But with Labour now joining the BNP in being one of only two British political parties to be investigated by the Equality and Human Rights Commission on the grounds of racial discrimination, their anti-racist brand has been severely damaged. In light of this, and amid ongoing debates over cultural issues such as gender identification, a route into the black community has presented itself for the Conservatives. It runs through the older generation — more specifically, first generation immigrants — for whom traditional conservative values run deep.
Take older black African Britons — a group which includes my mother (though she may not take kindly to the first word of that description). They tend to have immigrated from countries where a strong faith, whether Christianity or Islam, was instilled in them by an unabashedly religious education system. With those teachings came rules on modesty, an elevation of the family unit and an affinity for tradition. In other words, conservative values.
Their values did not vacate their minds when they arrived on British shores. On the contrary, they raised my generation of black Britons under staunchly conservative regimes. Their championing of high-earning career paths and entrepreneurship — rooted in an appreciation for the potentials of capitalism — has been credited for the disparity in exam results between black African children and white children from similar working-class backgrounds.
There is a similar theme with older black Caribbean Britons, more commonly known as the Windrush generation. They were largely born and raised in former British colonies, where developing a love of the motherland was part of the teaching process. Their schools actively encouraged monarchism and taught them about relatives who fought alongside British soldiers in two world wars.
Baroness Floella Benjamin’s captures this process in her account of going to school in Trinidad. She would “line up in the playground each day and sing ‘God save the Queen’ and ‘Land of Hope and Glory’.”
I will never forget the time I visited the home of a 60-year-old Jamaican man who had been having trouble confirming his citizenship with the Home Office. I was using his story as a case study in my dissertation. Upon strolling into his living room, the first thing I saw was a large picture of the Queen hanging on his wall.
But there are differences between African and black Caribbeans in average socioeconomic status, and this may explain the increasingly divergent gap between the two groups’ Conservative vote share. In 2017, the black African vote for Conservatives was up to 14% from 11% in 2010, whereas the black Caribbean vote was down to 3% from 9%.

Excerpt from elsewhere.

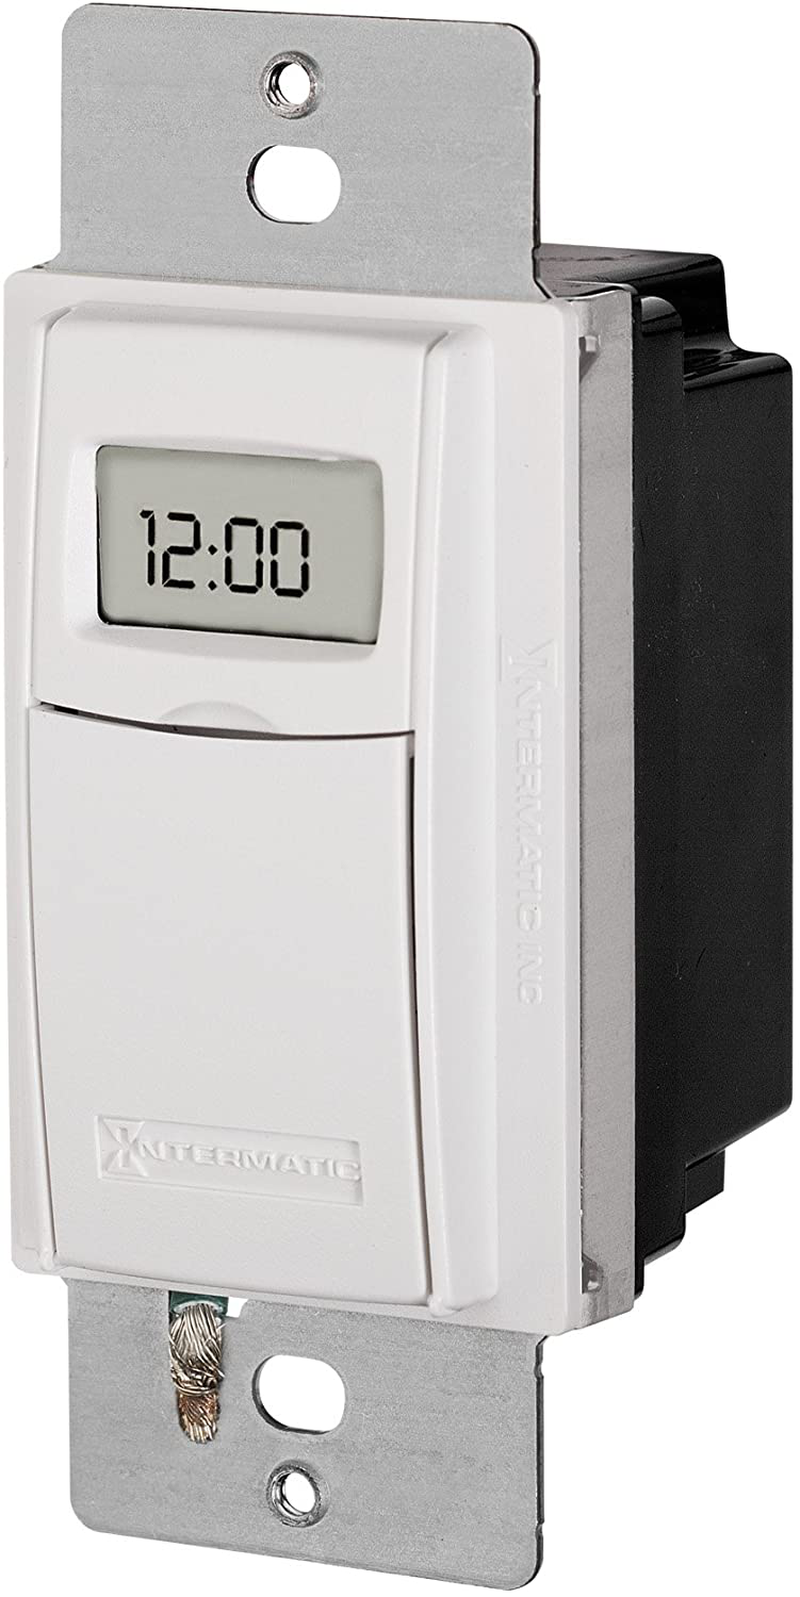 Intermatic ST01 7 Day Programmable In Wall Digital Timer Switch for Lights and Appliances, Astronomic, Self Adjusting, Heavy Duty,White Home & Garden > Lighting Accessories > Lighting Timers Intermatic Default Title  
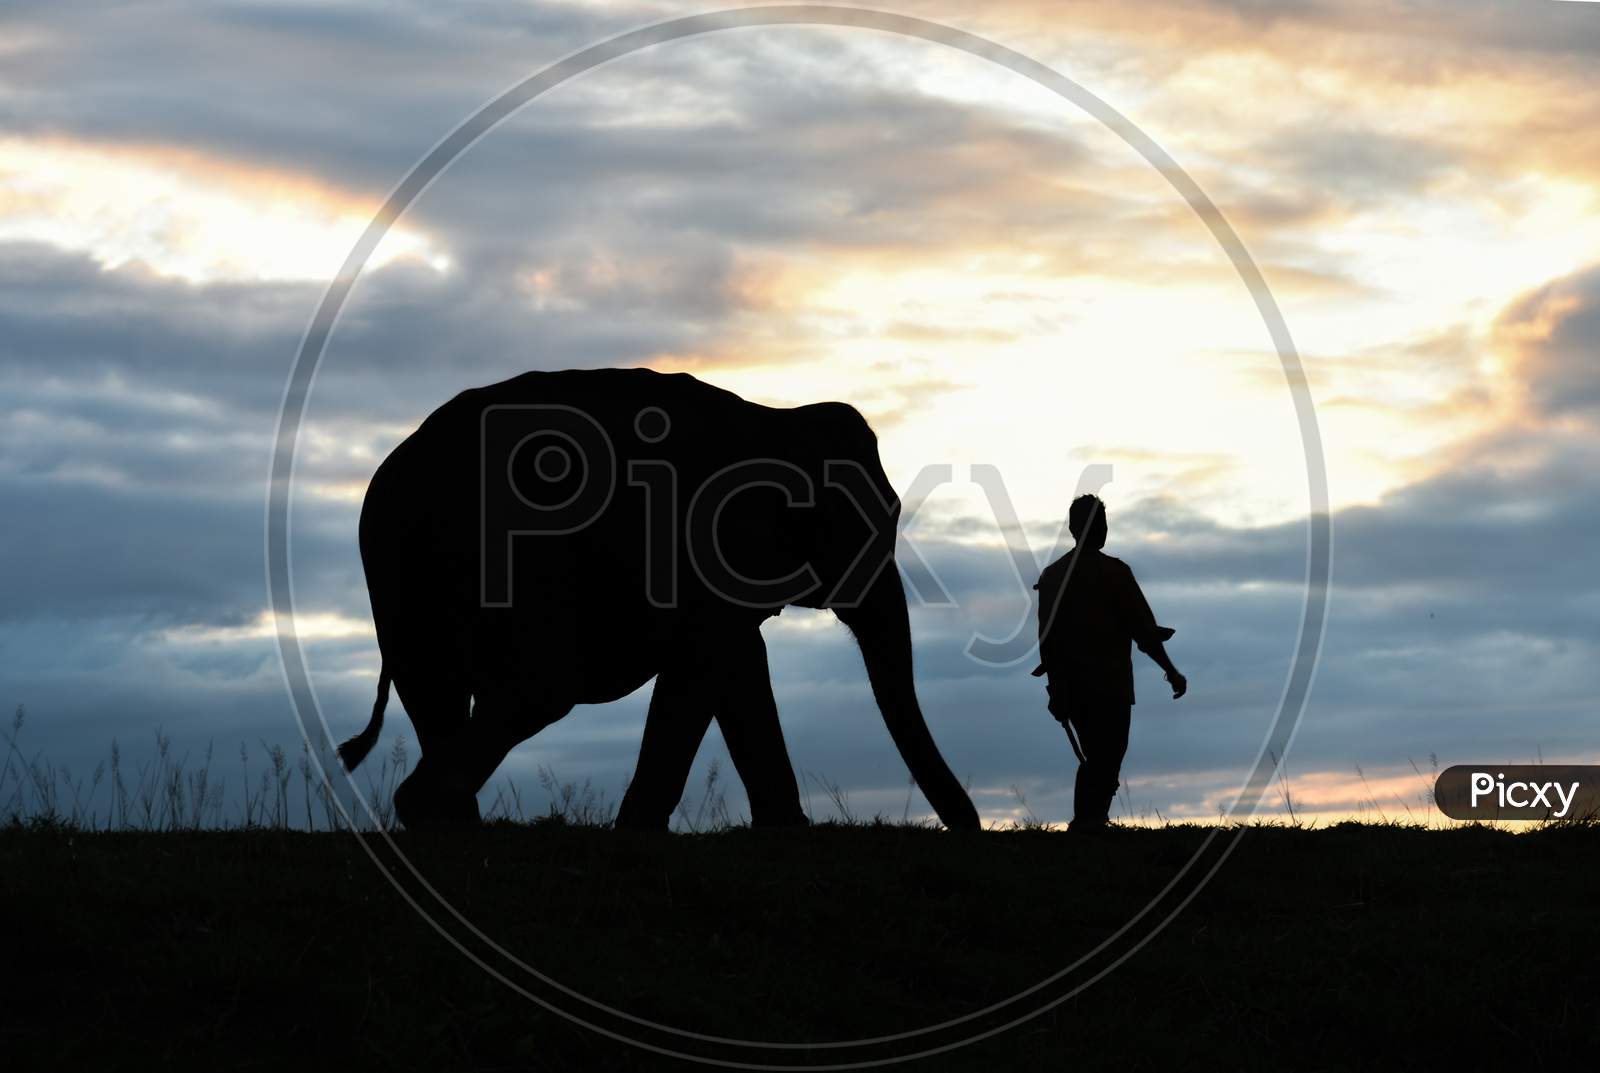 Silhouette Elephant with mahout

So, if first generation black Britons have proven so crucial to the development of their children and grandchildren, why wouldn’t they be as effective in fomenting the break-down of traditional Labour voting in their own households? If they are also prone to harbour traditional conservative values, why aren’t they considered a prime target for Conservative strategists?
To reach out to them, Conservative candidates — including the London mayoral candidate Shaun Bailey — must change their approach in three ways.
First, stop avoiding Labour’s metropolitan heartlands. A majority as large as the one in Tottenham will of course have the natural effect of putting Conservative strategists off engaging with the sizeable black community there, but a multi-election approach that gradually breaks apart its political solidarity will bring long-term dividends. (It might be helpful to remind constituents that David Lammy’s home is not just a long distance away from their neglected estates, but not even in Tottenham at all.)
Second, start talking up conservative values — the family, the traditions, the church. Since the success of Thatcher’s economic message, and especially since the start of Cameron’s modernisation of the party, these messages have been shunned as “nasty” and put on the back burner. But they resonate in black churches. I regularly hear black preachers expressing views which, outside their church, would be considered alt-right. I’m not saying Conservatives should go that far, but you get the gist.
Third, there is a potent anti-Labour narrative just waiting to be deployed in black communities. Conservatives should ask, “You’ve voted for this party for decades, what have they done for you?” To his credit, Donald Trump did well with just this strategy in 2016. To much derision from the mainstream press, he told African-Americans that Democrats used them in elections and neglected them in office. It struck a chord: black support for Trump was 2.5 points higher than that achieved by Romney.
Last week, Jeremy Corbyn tweeted a message alongside a picture of him standing next to a black cleaner: “When Labour wins, the street cleaner wins, the nurse wins, the pensioner wins. We all win.” But just days earlier a Transport For London decision endorsed by the Labour mayor threatened the livelihoods of thousands of Uber drivers. The Conservatives missed an opportunity to emphasise that a vastly disproportionate number of those drivers come from ethnic minority backgrounds.
And when Labour announced that it intends to add colonial history to the school curriculum, the Conservatives missed an opportunity to push for more lessons on Britain’s role in ending the slave trade. Black British children should be taught in great detail about William Pitt The Younger and William Wilberforce — old Tories who led the parliamentary effort against it.
A sizeable chunk of the black vote is there for the taking if the Conservatives grasp the opportunity to proudly draw a distinction between their values and Labour’s.
The focus should be on the Nigerian grandma who attends church every Sunday. Once she feels comfortable enough to vote Conservative, she and thousands like her could change how their families, and then their communities, see politics. And if it sounds impossible, just look at what is happening in Bolsover.